Mutações de mudança de quadro
As mutações de mudança de quadro geralmente são muito mais graves e geralmente mais mortais do que as mutações pontuais. Embora apenas uma única base de nitrogênio seja afetada, como ocorre com mutações pontuais, neste caso, o base única é completamente excluída ou uma base extra é inserida no meio do DNA seqüência. Essa mudança na sequência faz com que o quadro de leitura mude - daí a mutação do nome "frameshift".
Um deslocamento do quadro de leitura altera a sequência de códons de três letras para o RNA mensageiro transcrever e traduzir. Isso não apenas altera o aminoácido original, mas também todos os aminoácidos subsequentes. Isso altera significativamente a proteína e pode causar problemas graves, até possivelmente levando à morte.
Inserções
Um tipo de mutação de deslocamento de quadro é chamado de inserção. Como o nome indica, uma inserção ocorre quando uma única base de nitrogênio é acidentalmente adicionada no meio de uma sequência. Isso joga fora o quadro de leitura do DNA e o erro aminoácido é traduzido. Também empurra a sequência inteira para baixo em uma letra, alterando todos os códons que vêm após a inserção, alterando completamente a proteína.
Embora a inserção de uma base de nitrogênio torne a sequência geral mais longa, isso não significa necessariamente que o comprimento da cadeia de aminoácidos aumentará. De fato, o oposto pode ser verdade. Se a inserção causar uma mudança nos códons para criar um sinal de parada, uma proteína nunca poderá ser produzida. Caso contrário, uma proteína incorreta será feita. Se a proteína alterada é essencial para sustentar a vida, o mais provável é que o organismo morra.
Exclusões
A exclusão é um último tipo de mutação de deslocamento de quadro e ocorre quando uma base de nitrogênio é retirada da sequência. Novamente, isso faz com que todo o quadro de leitura seja alterado. Ele altera o códon e também afetará todos os aminoácidos que são codificados após a exclusão.
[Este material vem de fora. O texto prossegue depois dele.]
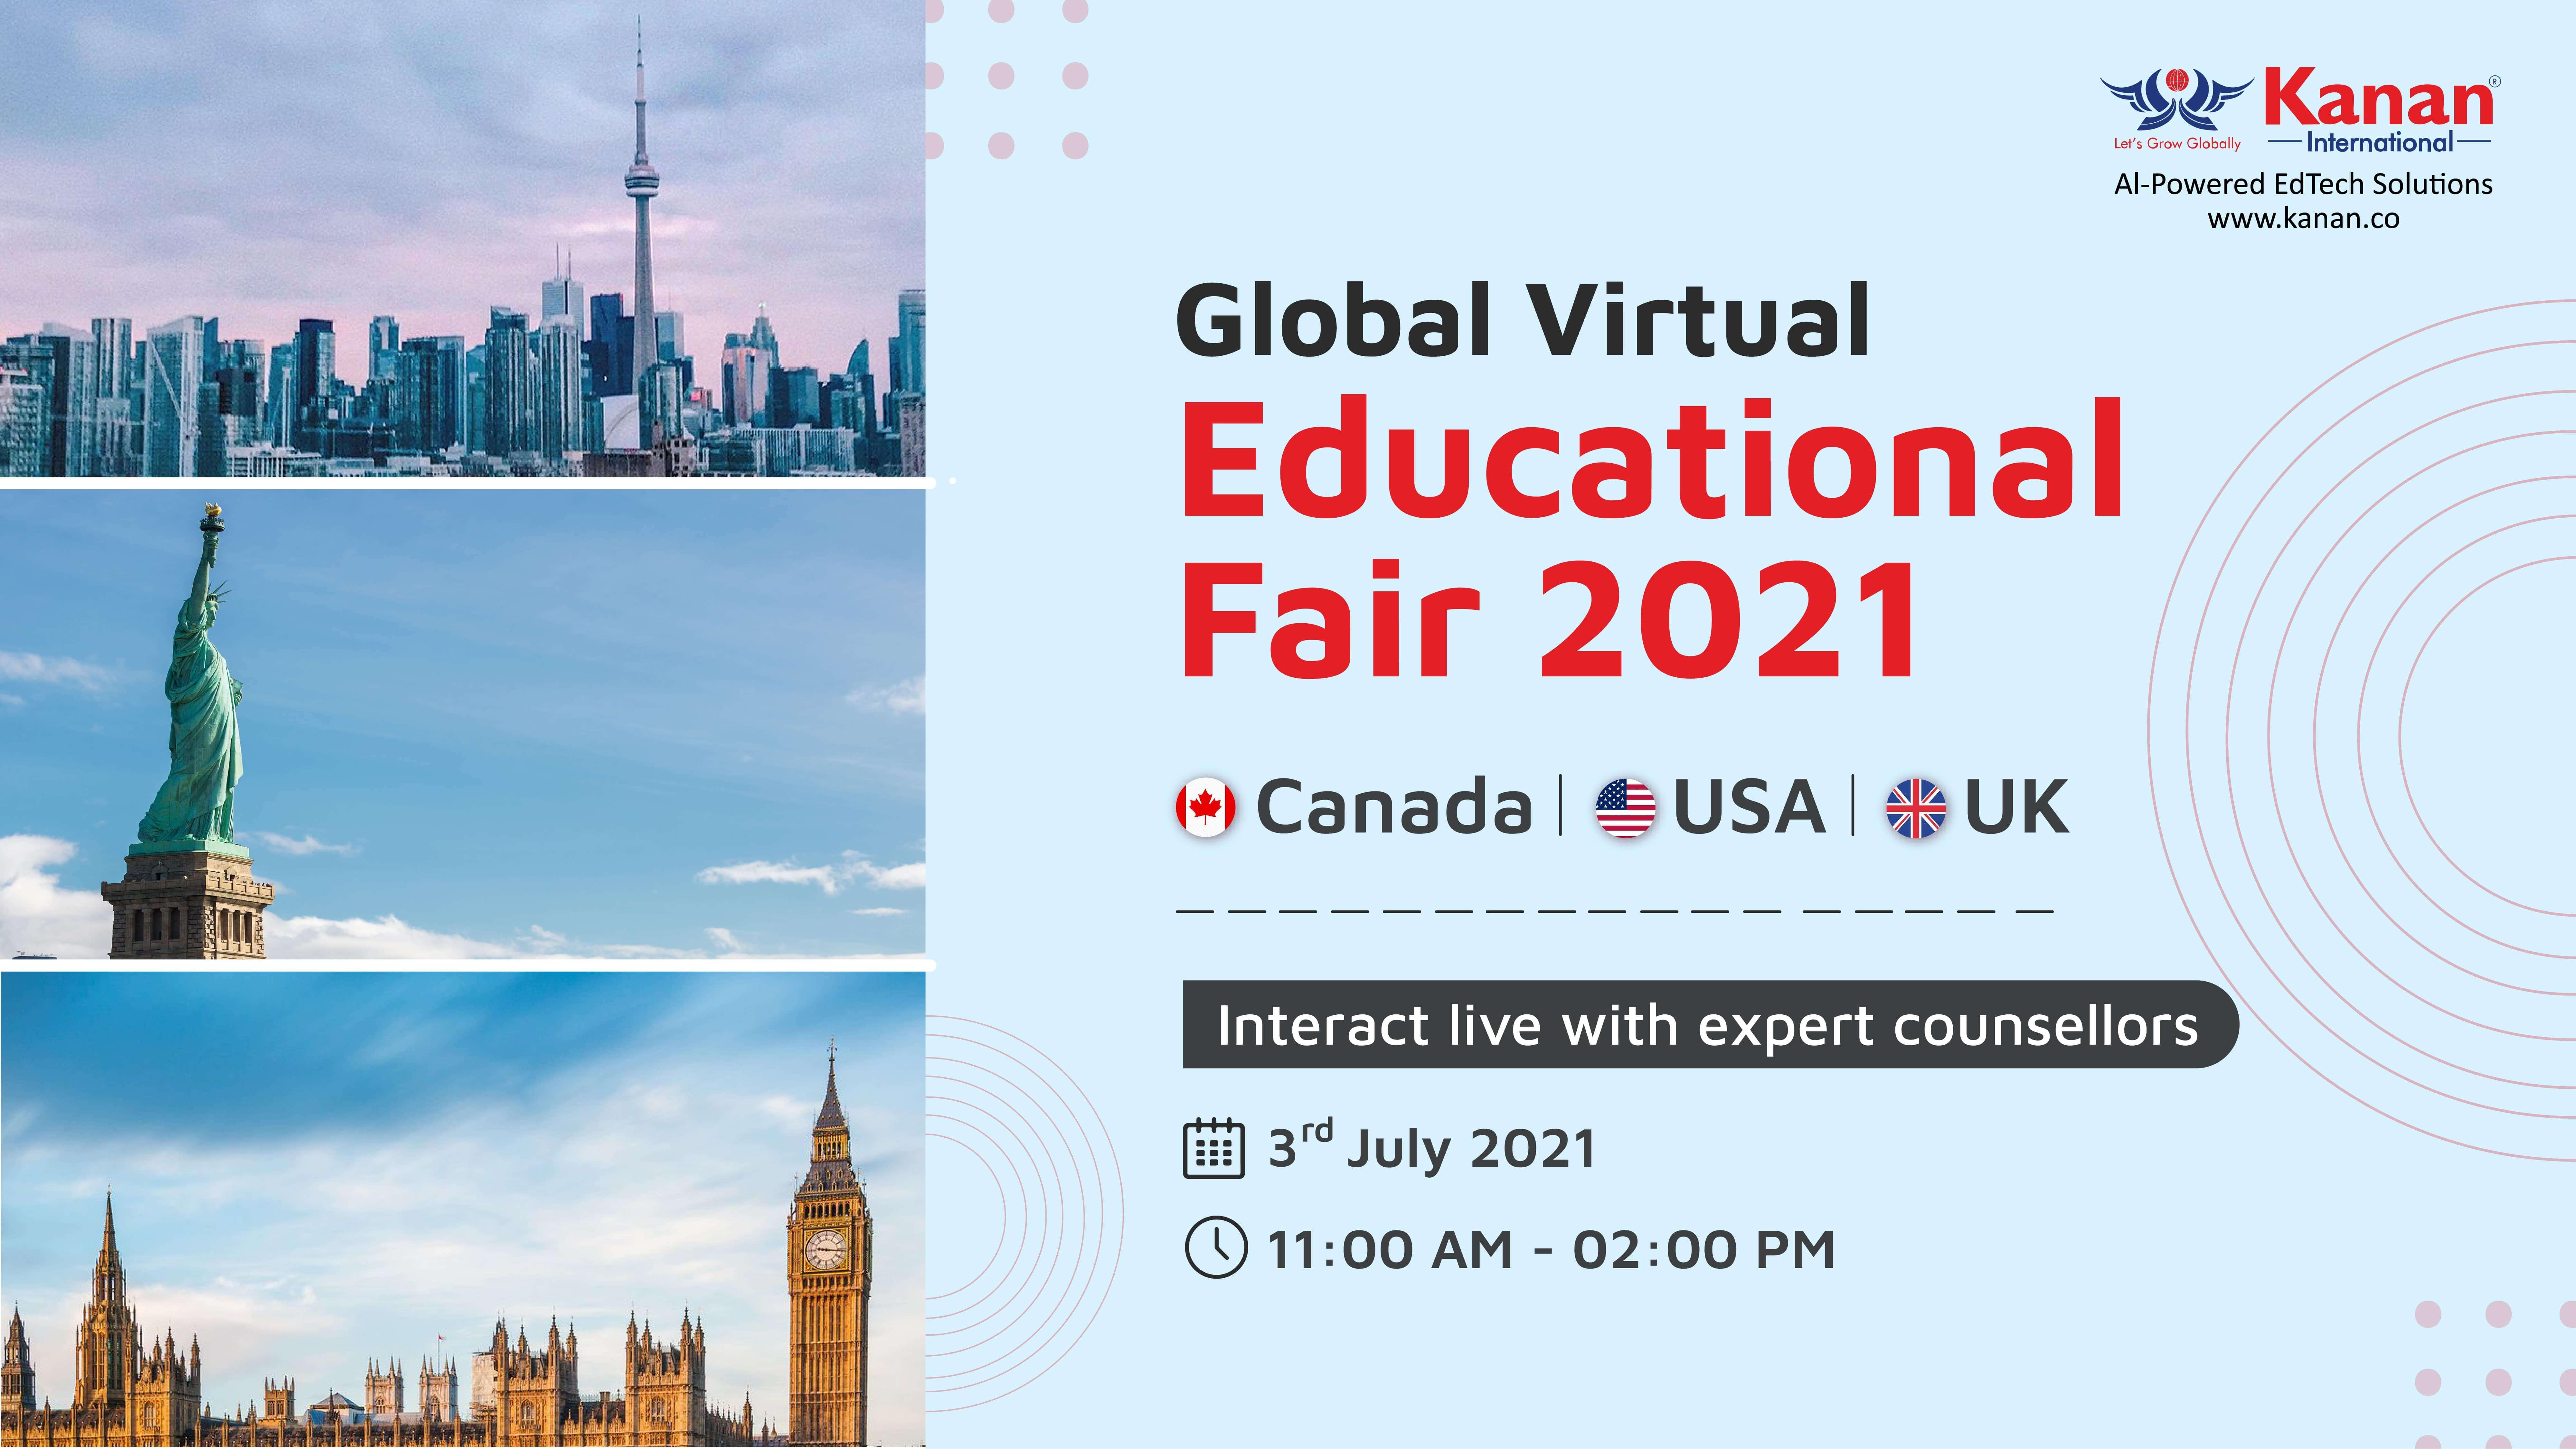 kanan global virtual fair

Como em uma inserção, os códons sem sentido e de parada também podem aparecer nos lugares errados,
Analogia de Mutação de DNA
Muito parecido com a leitura de texto, a sequência de DNA é "lida" pelo RNA mensageiro para produzir uma "história" ou uma cadeia de aminoácidos que será usada para produzir uma proteína. Como cada códon tem três letras, vamos ver o que acontece quando uma "mutação" ocorre em uma frase que usa apenas palavras de três letras.
O gato vermelho comeu o rato.
Se houvesse uma mutação pontual, a sentença mudaria para:
O CAT VERMELHO DE THC COMEU O RATO.
O "e" na palavra "the" foi alterado para a letra "c". Embora a primeira palavra na frase não seja mais a mesma, o restante das palavras ainda faz sentido e permanece como deveria.
Se uma inserção modificasse a frase acima, ela poderia ler:
O CRE DCA TAT ETH ERA T.
A inserção da letra "c" após a palavra "the" altera completamente o restante da frase. A segunda palavra não faz mais sentido, nem as que a seguem. A frase inteira mudou para um disparate.
Uma exclusão faria algo semelhante à frase:
O EDC ATA EM A.
No exemplo acima, o "r" que deveria ter surgido após a palavra "the" foi excluído. Novamente, ele muda a frase inteira. Enquanto algumas das palavras subsequentes permanecem inteligíveis, o significado da frase mudou completamente. Isso demonstra que mesmo quando codões são transformadas em algo que não é bobagem total, ainda assim transforma completamente a proteína em algo que não é mais funcionalmente viável.